Does a primate city _have_ to be the capital? Auckland in New Zealand definitely dominates the country, yet is not the capital.


----------



## Manila-X (Jul 28, 2005)

jarbury said:


> Does a primate city _have_ to be the capital? Auckland in New Zealand definitely dominates the country, yet is not the capital.


With the defined term, a primate city acts as the economic, cultural, population and *political* center of a particular country. 

Yes it has to be the capital too


----------



## Küsel (Sep 16, 2004)

I think some of you people don't get really the concept of a primate city. It doesn't just mean that it's the biggest metro in the country but that it dominates practically all concerns of human life in this country, eg. finances, politics, economy, culture, sports, events, media etc. - and demography.

The most typical examples are Paris and Bangkok but also most African countries have a primate city thanks to the lack of infrastructure networks outside of it (lack of money as well). Counter-examples are Germany. The more centralist and less democratic a country the higher is the chance that it develops a primate city for the leaders want to concentrate culture and economy as well as media around them to have influence and control (Iraq, Myanmar, Central Africa).
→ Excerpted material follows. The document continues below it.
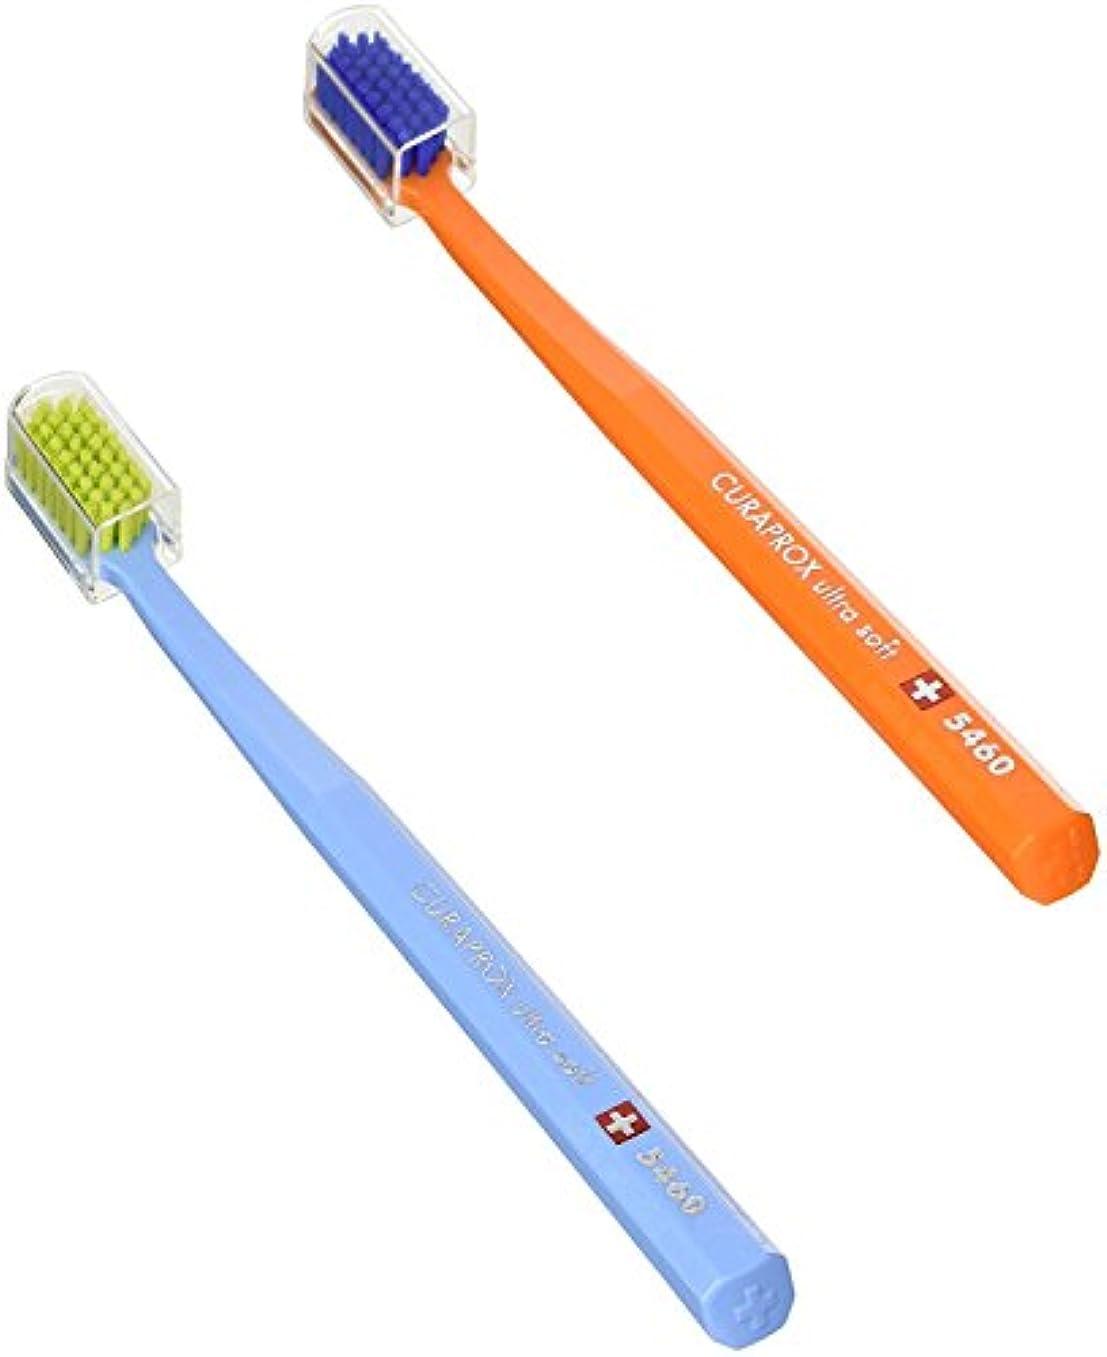 添付暴露罪キュラプロックス 5460ウルトラソフト歯ブラシ 2本

The optimal distribution of demography in a country is defined by the rank-order formula that says that the second metro is half the size of the first, the third metro one third etc... Switzerland or Brazil are relativelly good examples. But that's only demographics, and thus is not the only relevant factor.


----------



## Jonesy55 (Jul 30, 2004)

I thought that this thread was going to be about Gorillas and Chimpanzees building cities


----------



## Küsel (Sep 16, 2004)

Gibbons, buddy, gibbons! (Hylobates lar to specify it!) :lol:


----------



## _00_deathscar (Mar 16, 2005)

Primate city? Oh the opportunity of endless jokes...


----------